Fingal’s Architectural Conservation Officer can be contacted for advice if an owner is unsure of which process to avail of or wants to discuss in general any proposed works to their Protected Structure. Consultation may also be required with the area planner as other considerations apart from architectural conservation matters may apply.
Pre-planning consultation can be arranged to discuss proposals at design stage with the Architectural Conservation Officer and the Area Planner. Other considerations apart from architectural conservation matters may arise and so it is important that the consultation is directed through the Planning Department. Detailed information including drawings of your proposal should be submitted for assessment. Feedback may be provided by email, phone or via a meeting, if required.
Clear guidance is given in the Fingal Development Plan 2017-2023 within Chapter 12 on Development Management Standards regarding the considerations to inform the design of the proposed development of a Protected Structure and on the documentation that should accompany a planning application related to a Protected Structure (see Table 12.10). Direction is also set out on what should be contained within an Architectural Heritage Impact Assessment for a proposed development. This report should be prepared by an accredited conservation architect or equivalent (a list of suitably qualified professionals is available on the Irish Georgian Society and RIAI websites).
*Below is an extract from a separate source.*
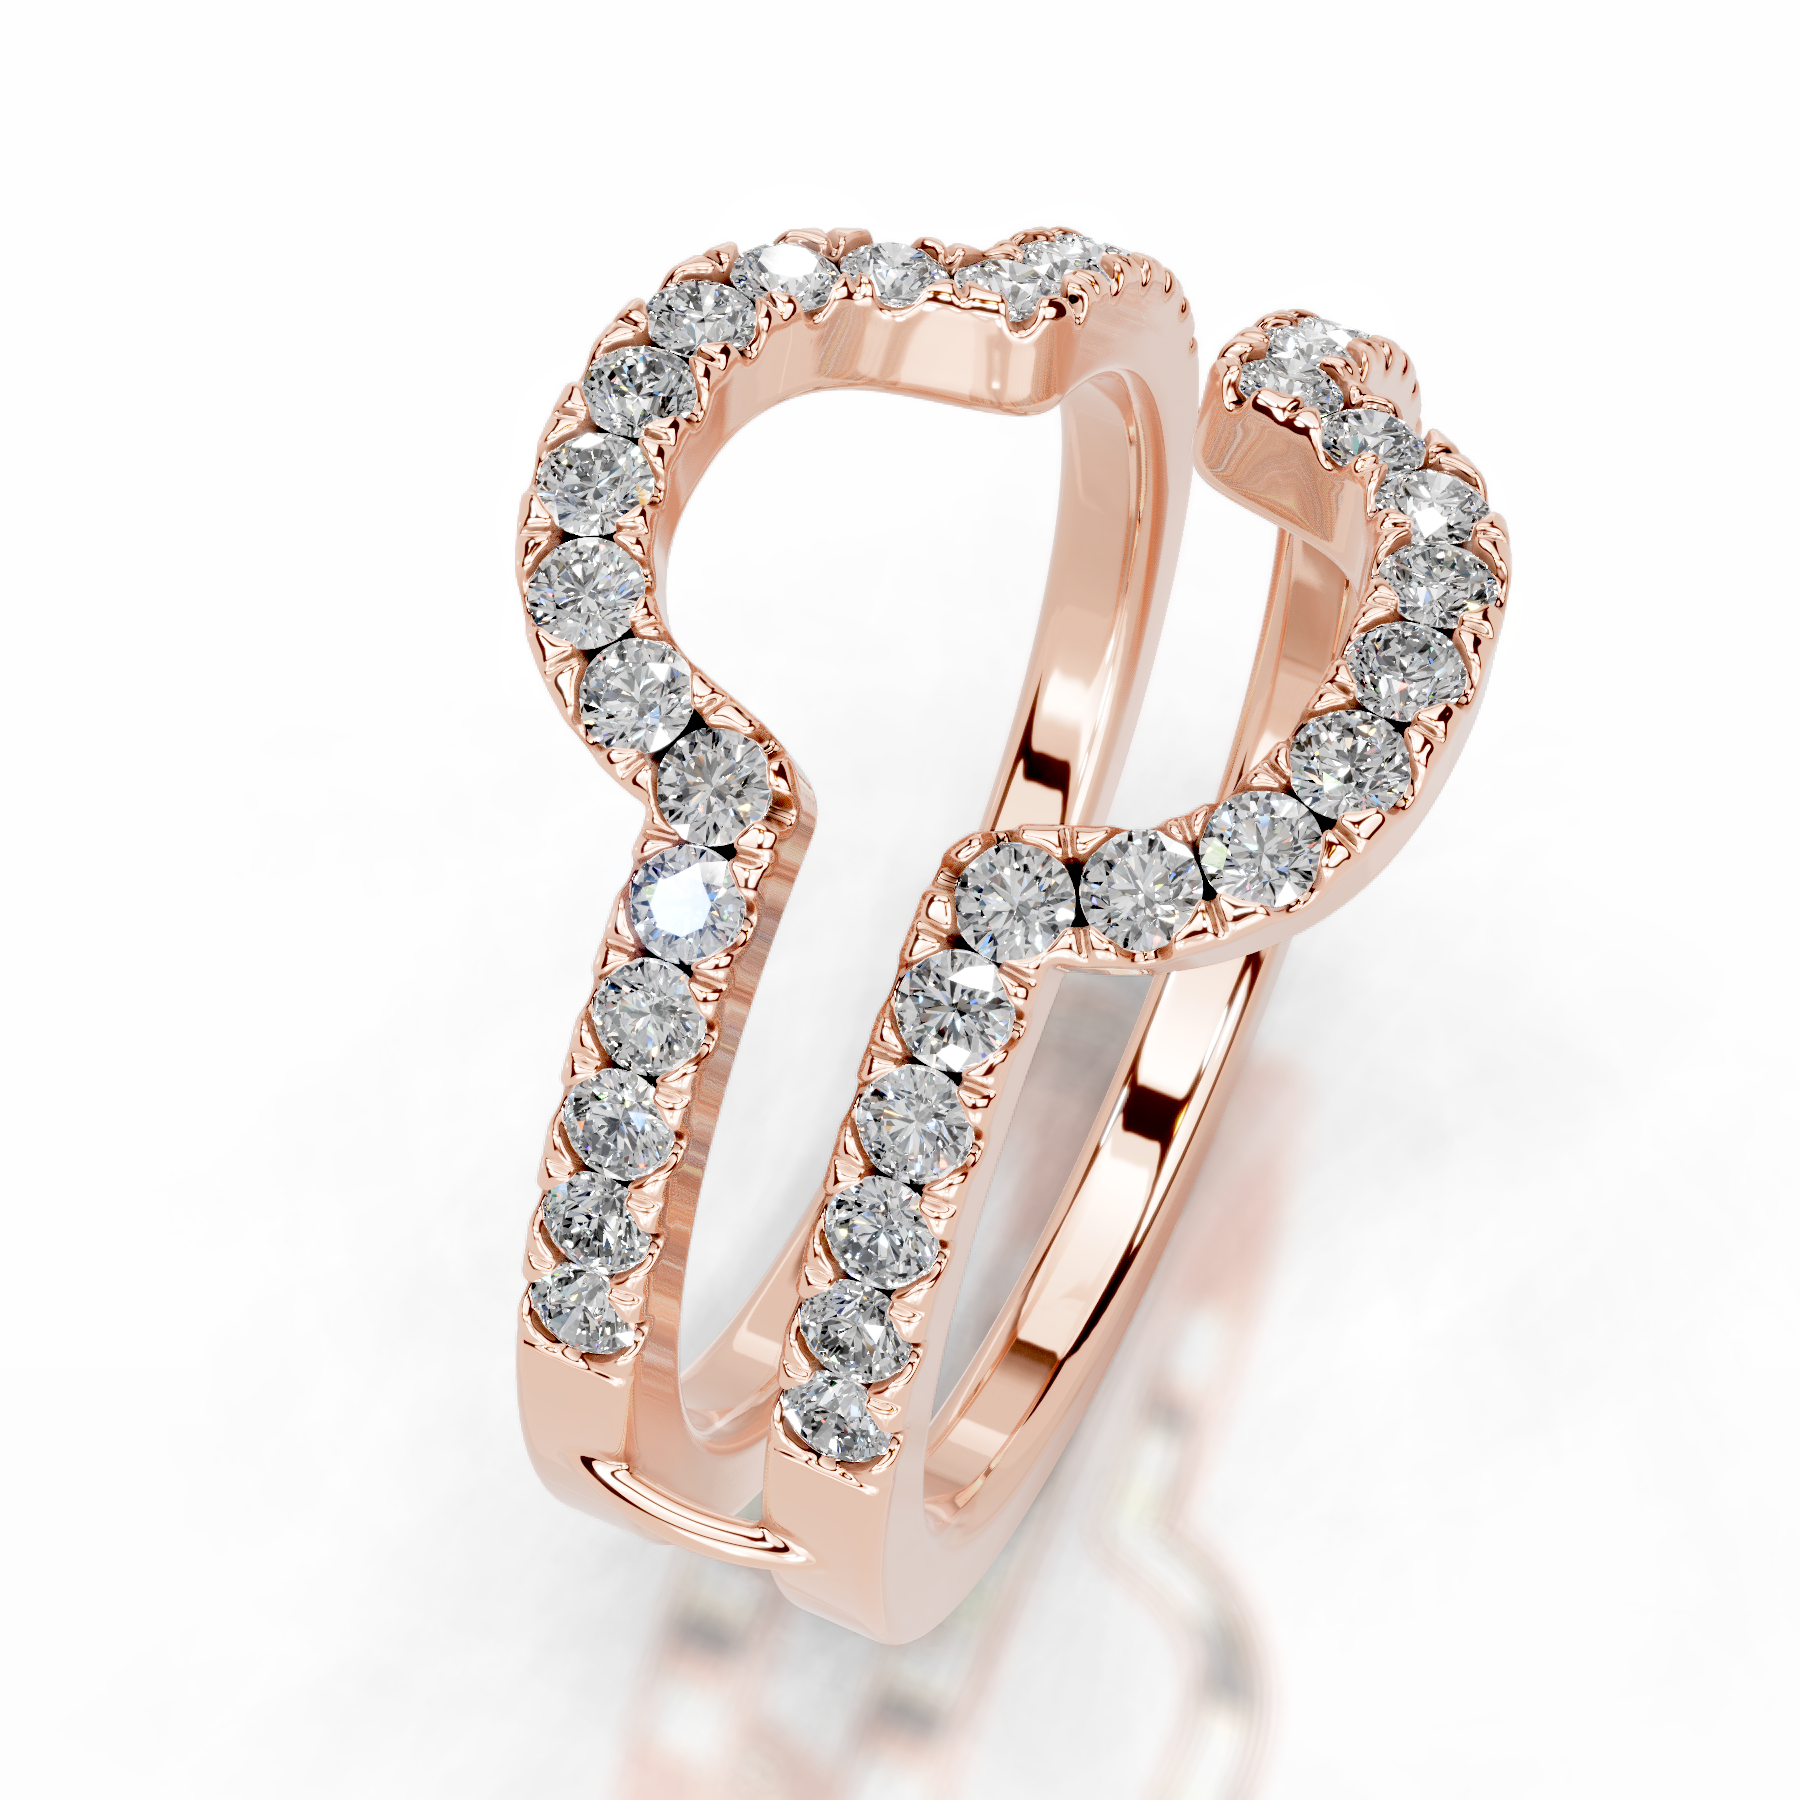 Yana Diamond Wedding Ring   (0.50 Carat) -14K Rose Gold

It is important to source an architect, building surveyor, engineer or other historic building professional who understands traditional building construction methods and materials, and who specialises in their repair and refurbishment. A number of organisations maintain a database of contractors with suitable expertise and these can be accessed through their websites:
· The Irish Georgian Society has a register of practitioners at www.igs.ie
· The Royal Institute of Architects Ireland (RIAI) has a list of conservation accredited architects which can be found at www.riai.ie
· The Construction Industry Federation has a register of specialist Heritage Contractors at www.cif.ie
· The Royal Institute of Chartered Surveyors has a register of Historic Building Professionals at www.rics.org
· Engineers Ireland also offers conservation accreditation for its members and has a register of conservation accredited engineers at www.engineersireland.ie
Please note though that some professionals and/or contractors may not have signed up to a register but have a sufficient depth of knowledge and experience of conservation to be competent to advise on works to a Protected Structure. It is always advisable to seek examples of previous conservation projects they have worked on and if possible talk to the clients about their experience of the works undertaken.